ToolMaker generates from arbitrary GitHub repositories. My pipeline operates on structured OpenAPI specs — a different constraint that changes what’s possible with deterministic generation. That distinction doesn’t appear in the literature.
When to use what
| Scenario | Approach | Approximate cost per service |
|---|---|---|
| Fewer than 5 integrations, stable APIs | Hand-code them | ~4 hours engineer time ($200-800) |
| 50+ integrations, customization not a priority | Platform (Composio, Zapier, etc.) | $0.50-5.00/month per connector |
| 50+ integrations, need type safety + tests + ownership | Hybrid pipeline (deterministic gen + LLM) | ~$0.07 one-time generation cost |
If you have three Stripe webhooks and a Slack bot, a code generation pipeline is overkill. Write the clients by hand. You’ll finish before the pipeline finishes bootstrapping.

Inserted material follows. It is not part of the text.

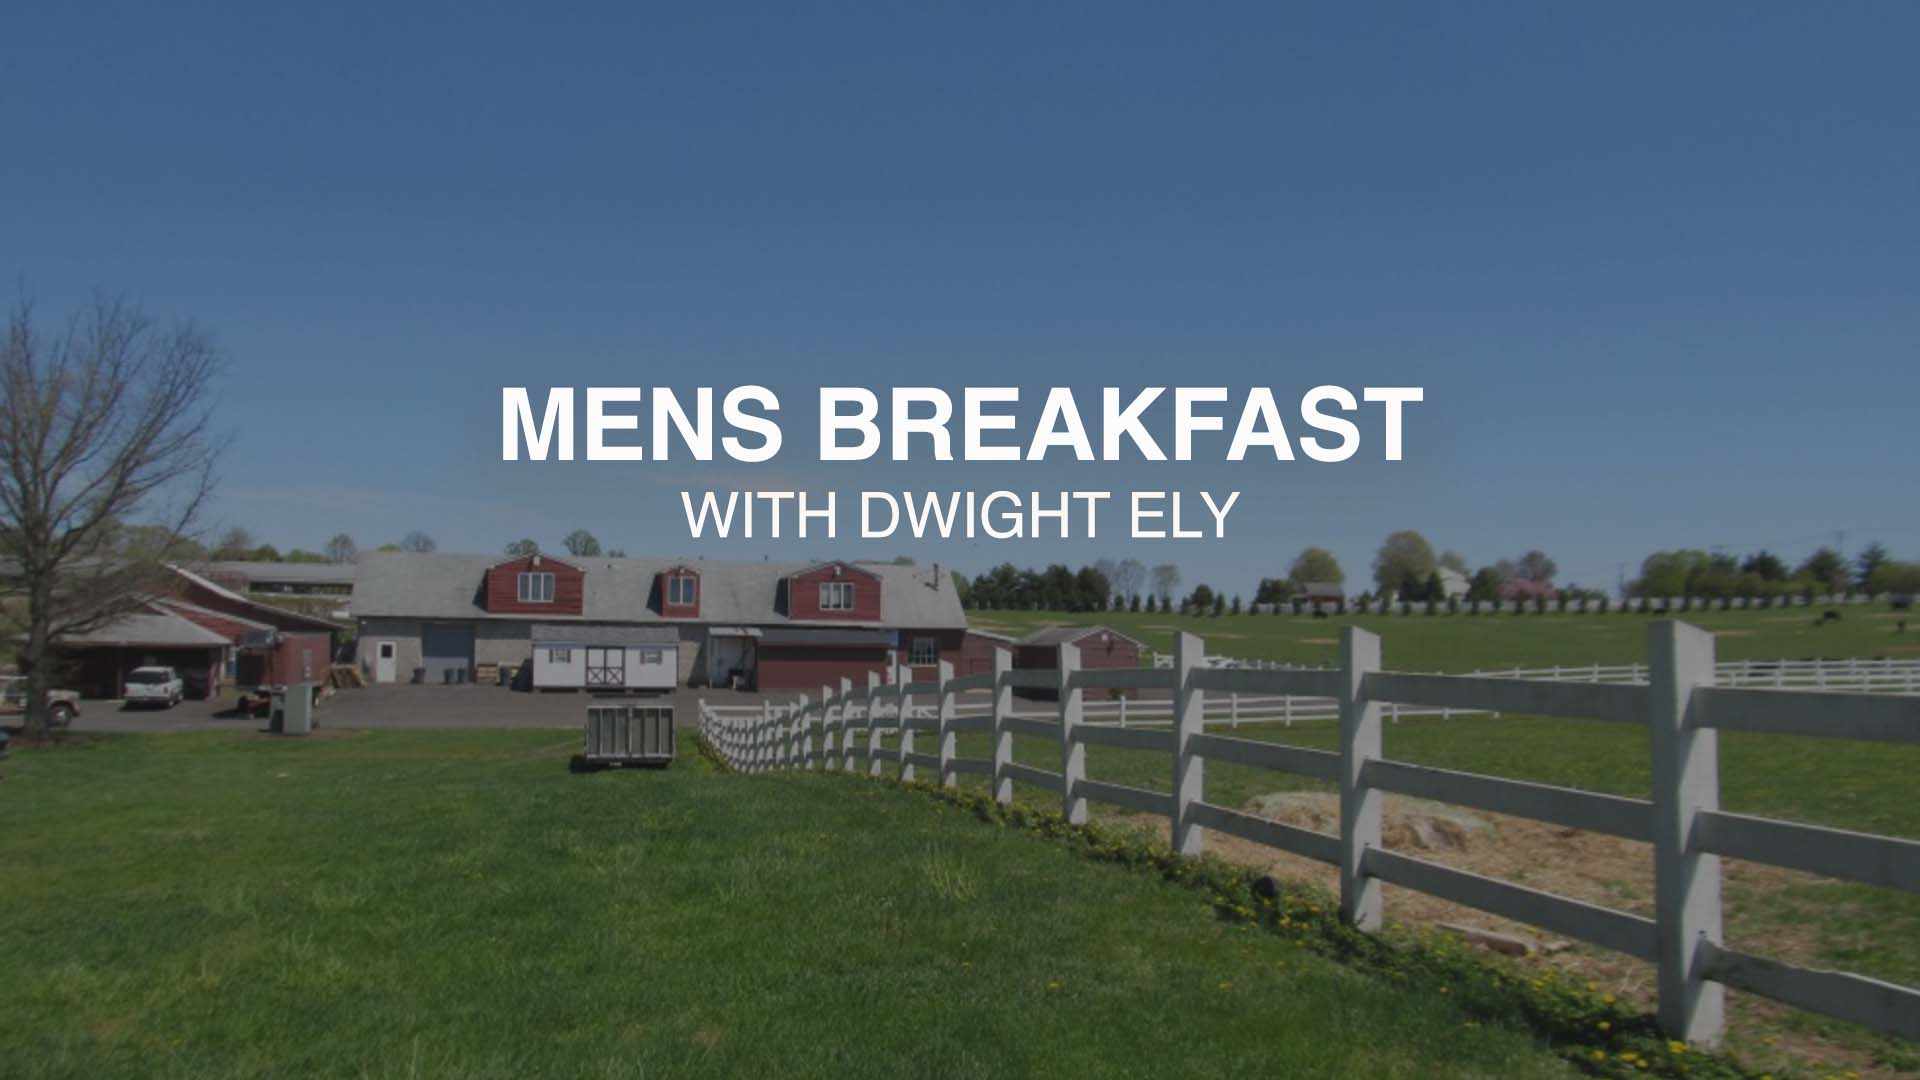 Men's Breakfast with Dwight Ely
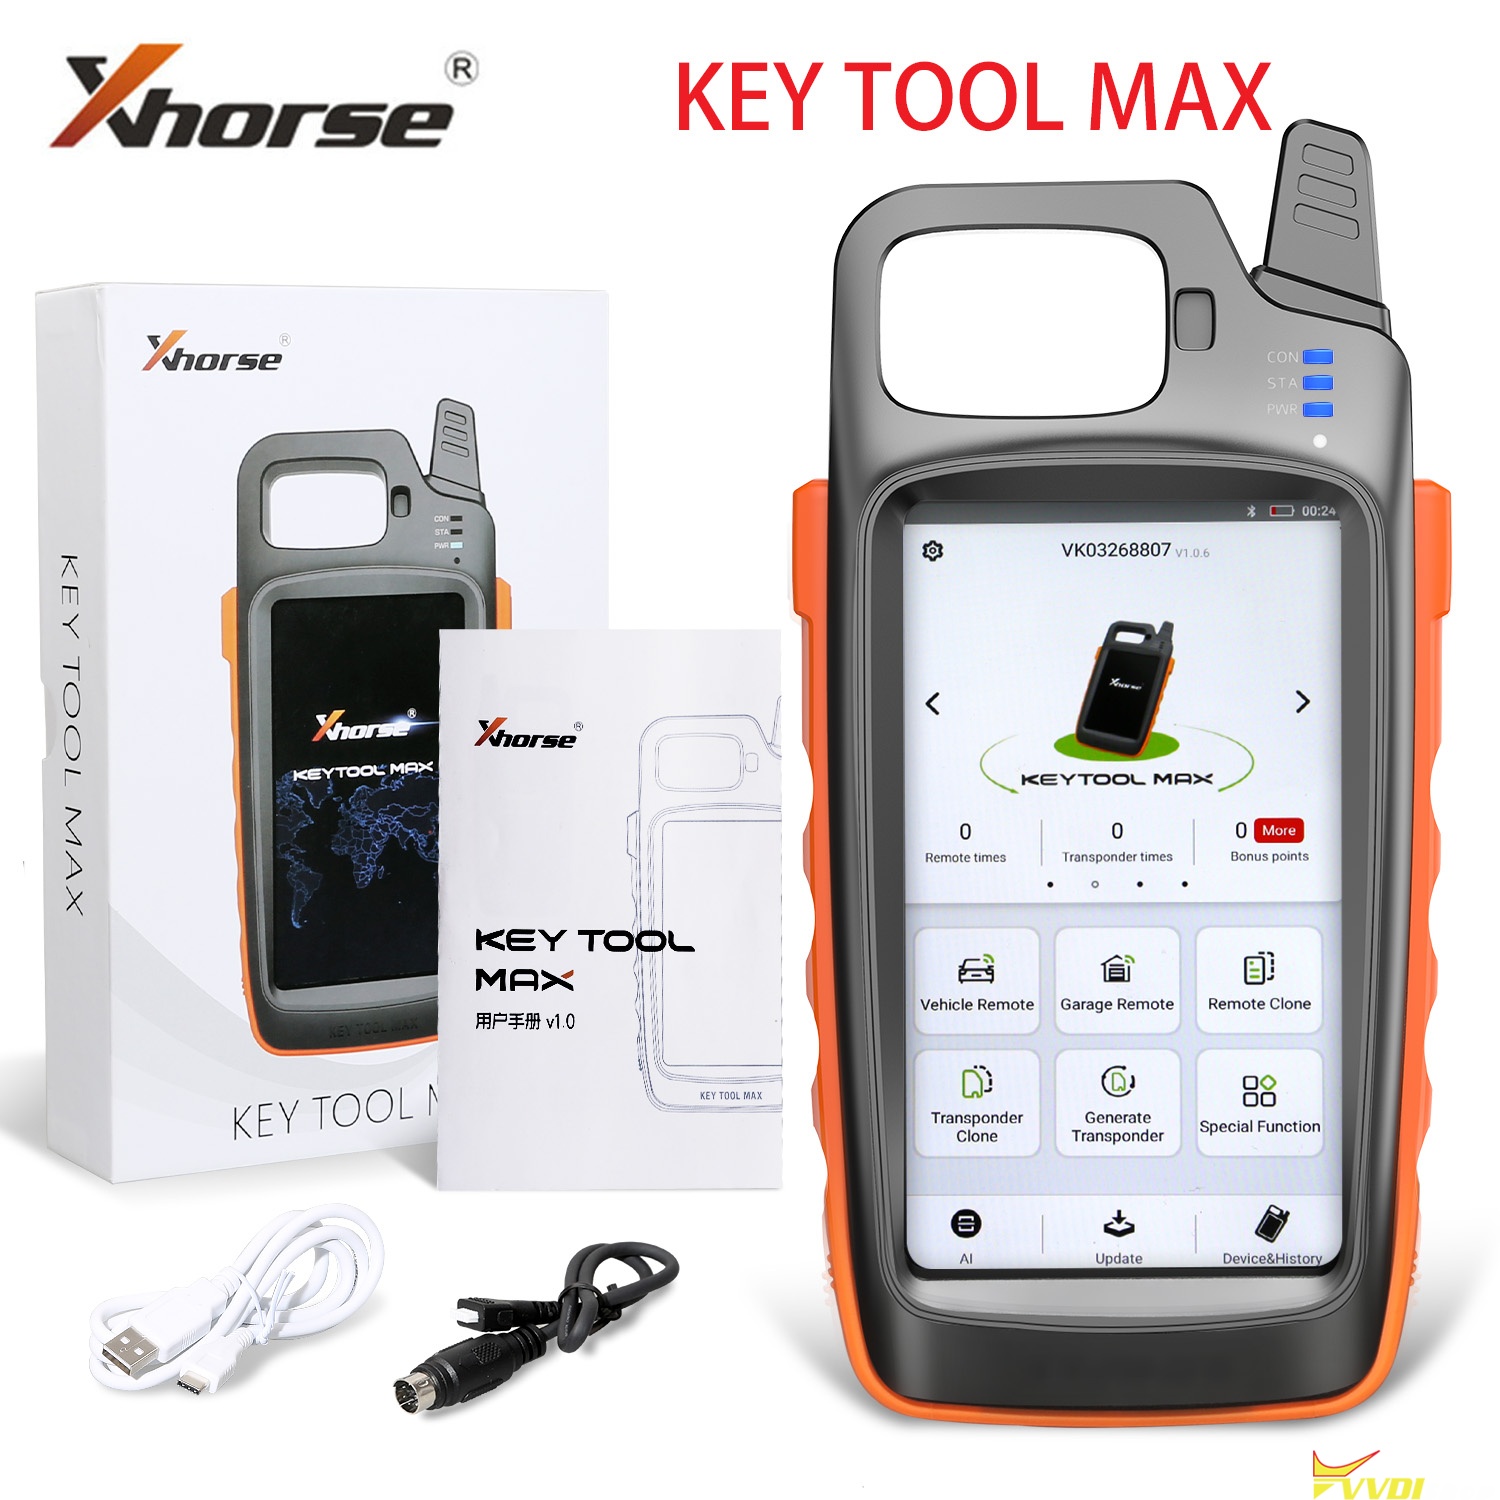 Key Tool Max

If you need 200 integrations and your team doesn’t care about owning the code, a managed platform gets you there faster. You pay monthly instead of upfront, and you accept their abstractions.
The hybrid approach earns its complexity when you need scale and control. Fifty-plus services, each with typed clients, generated tests, and code you can read and modify without vendor lock-in. At $0.07 per service, the generation cost rounds to zero. The value is in what you don’t spend afterward — no platform fees compounding monthly, no engineer-hours hand-coding boilerplate that a deterministic template handles in seconds.
Pick based on your constraints, not on what sounds most sophisticated.
Where this leads
Three APIs was enough to see the pattern. The LLM fabricated a URL it could have copied. It mistyped a schema it could have mapped. It escaped into **kwargs when the types got complex. Every failure was a mechanical task the LLM had no business doing. The deterministic path is quieter, but it’s correct.